**Data segment**
____________________
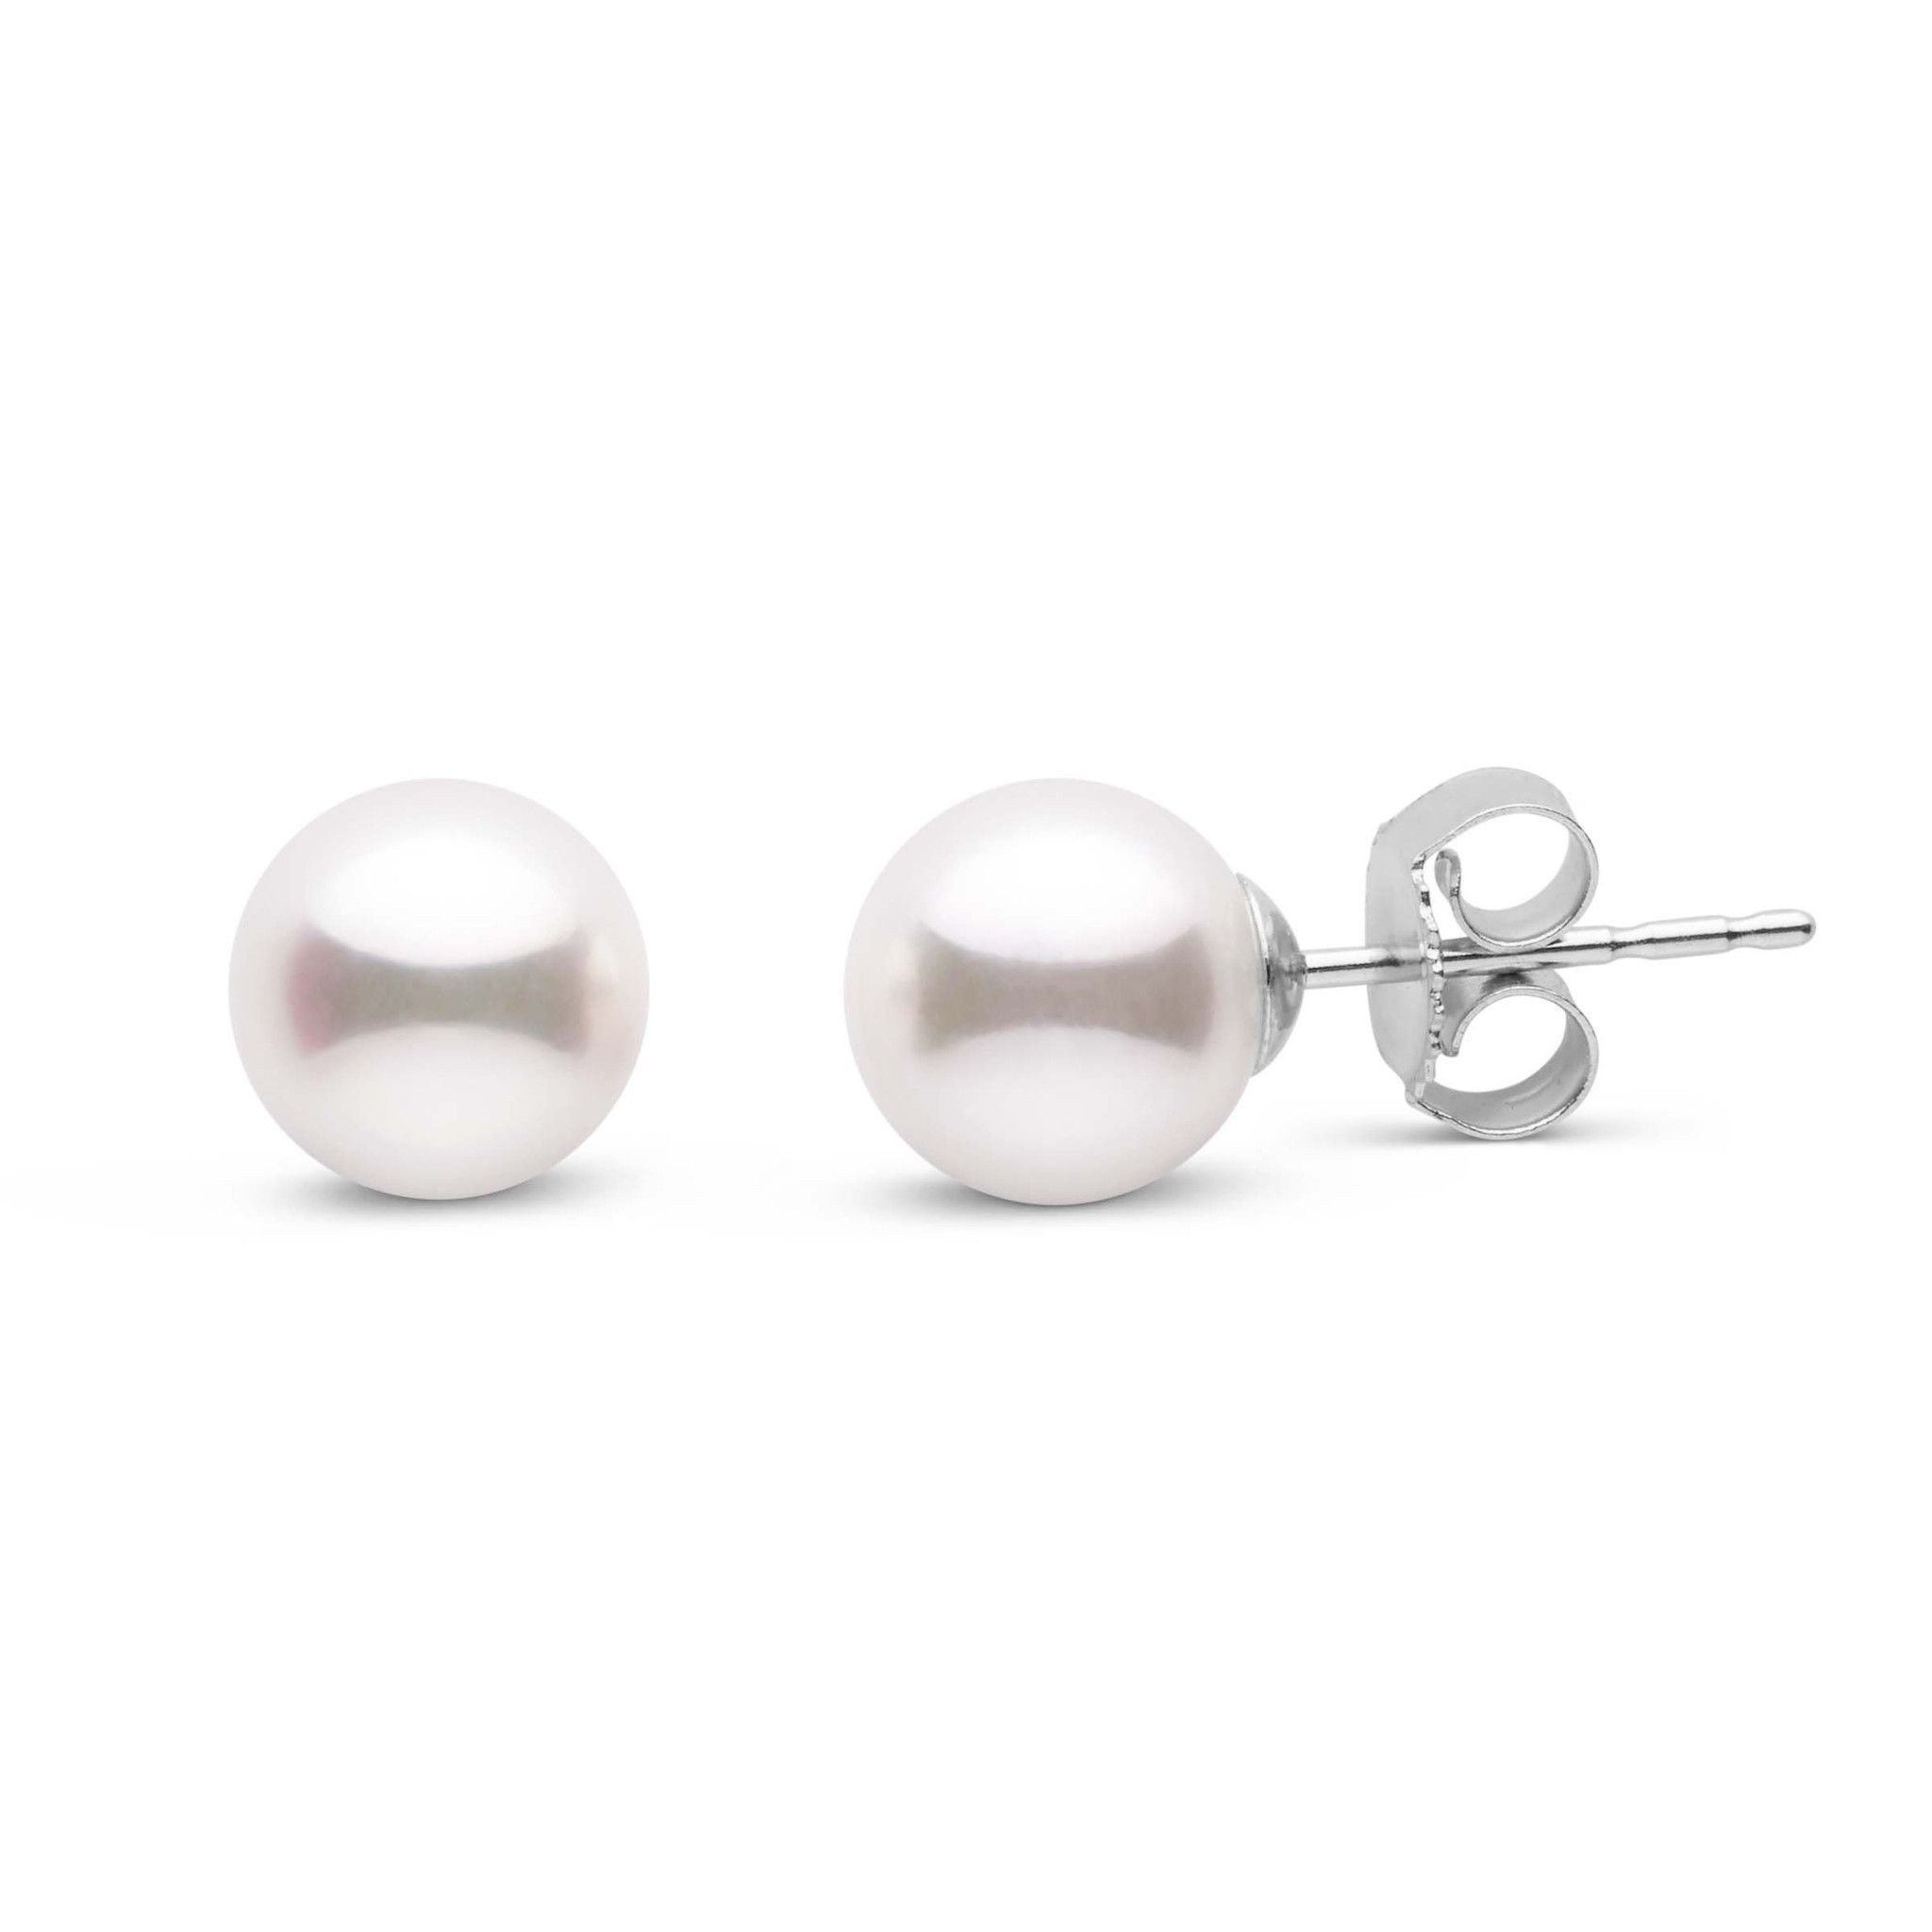 6.5-7.0 mm White Akoya AA+ Pearl Stud Earrings White Gold
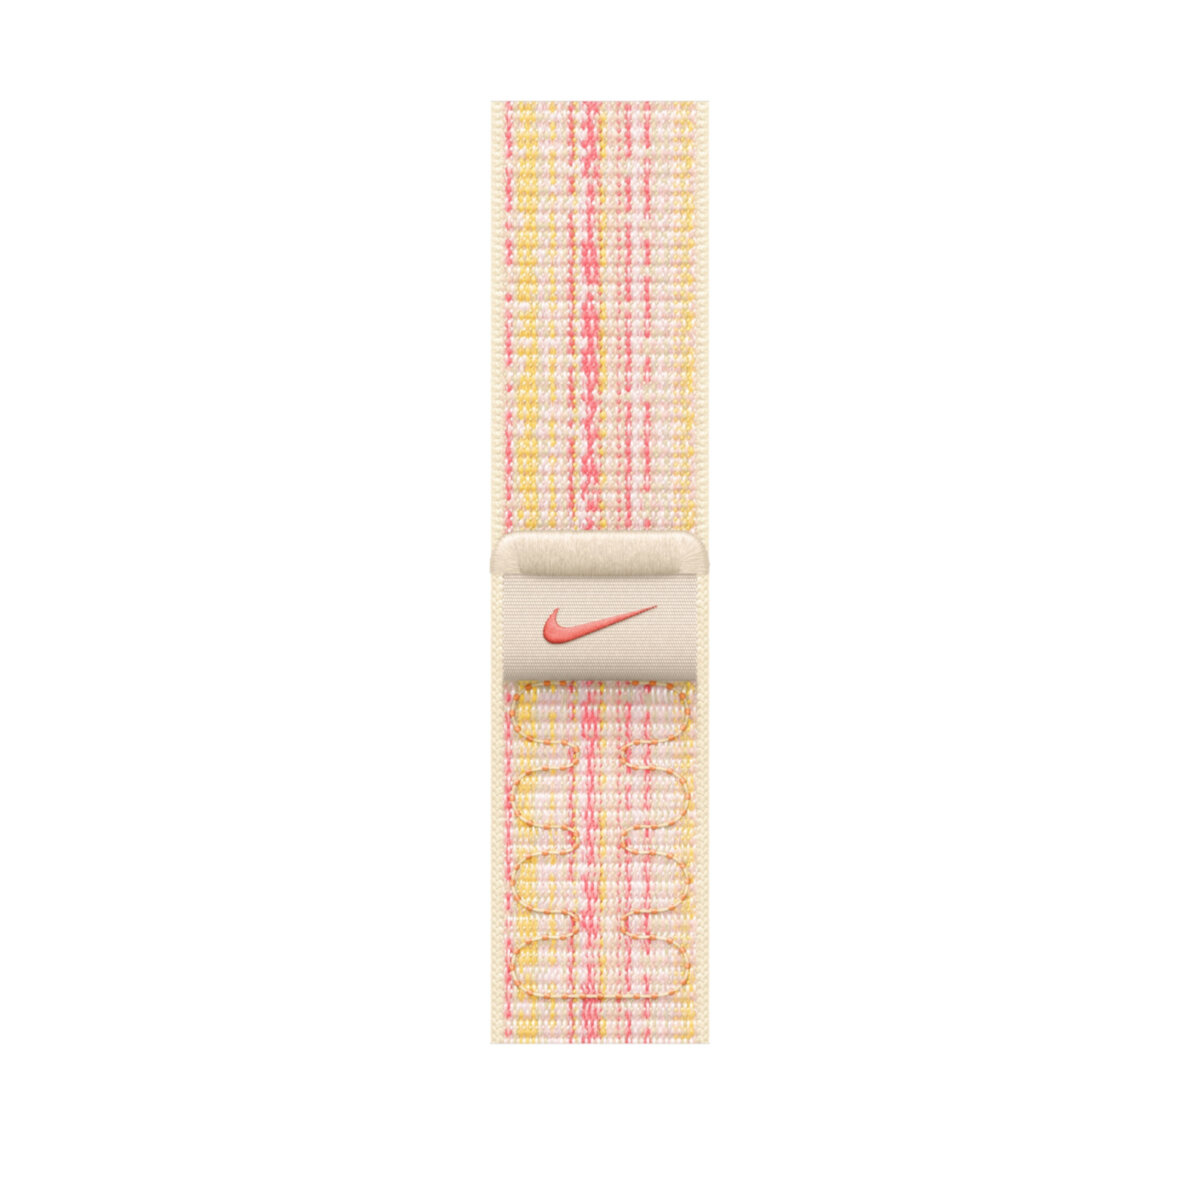 Opaska sportowa Nike Apple MUJY3ZM/A różowa od frontu na białym tle
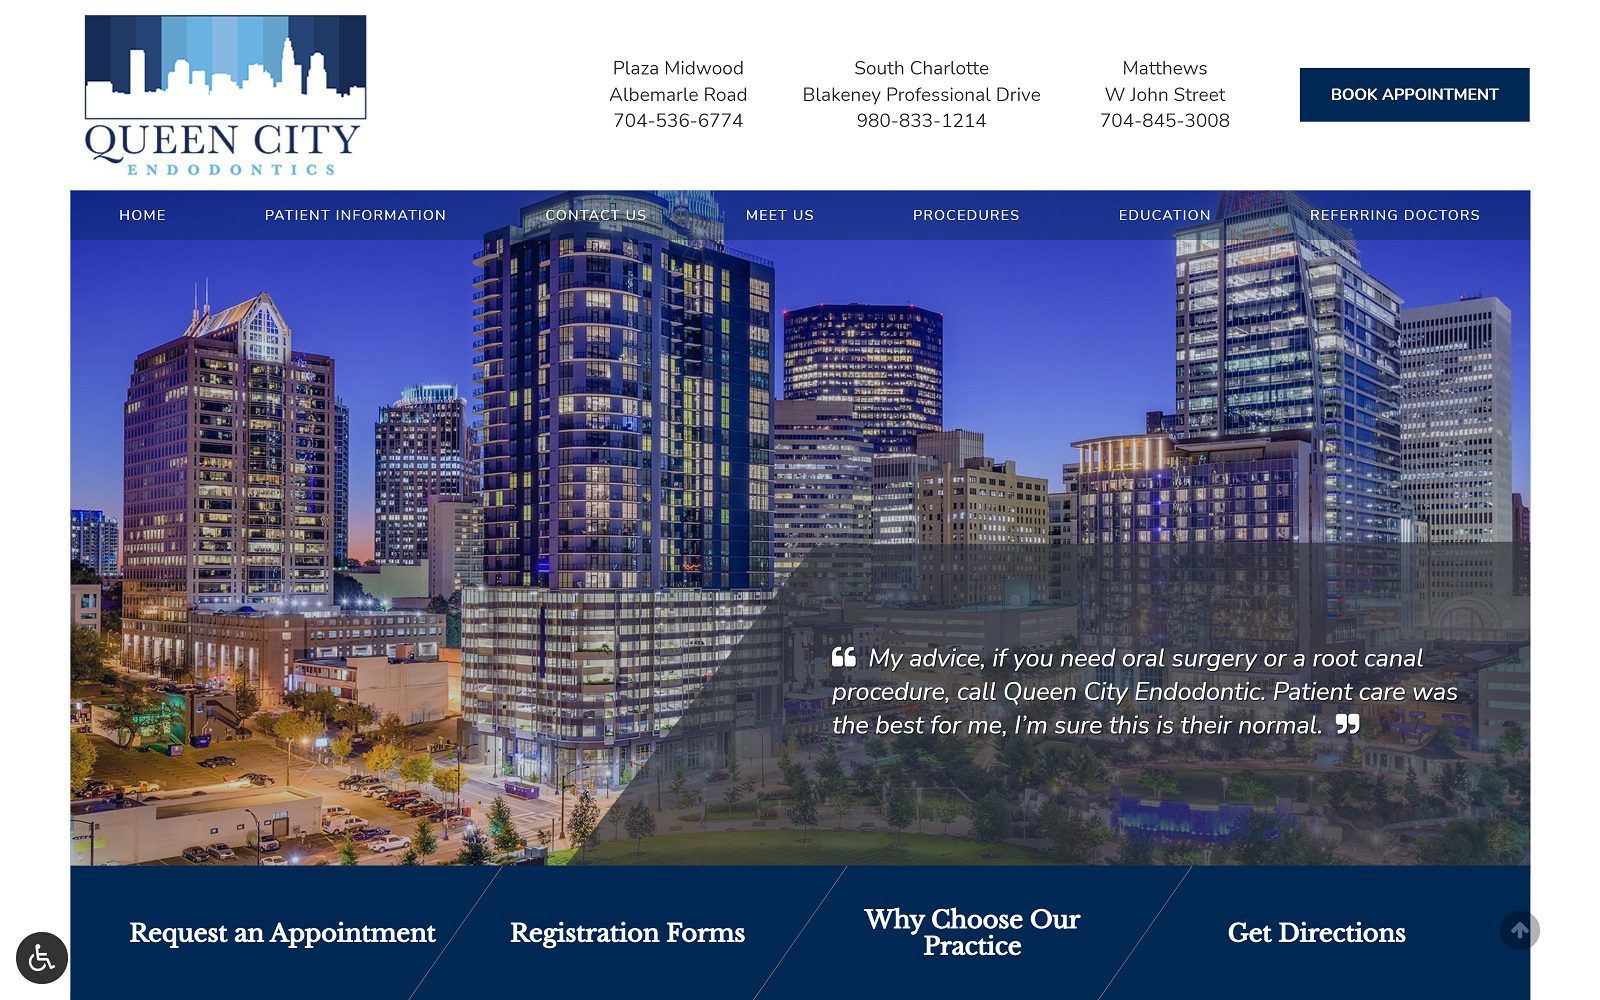 The screenshot of queen city endodontics plaza midwood website
____________________
**Task objective**
Leaving the pictures out, output all of the listing exactly.

**Your solution**
 6.5-7.0 mm White Akoya AA+ Pearl Stud Earrings White Gold
 Opaska sportowa Nike Apple MUJY3ZM/A różowa od frontu na białym tle
 The screenshot of queen city endodontics plaza midwood website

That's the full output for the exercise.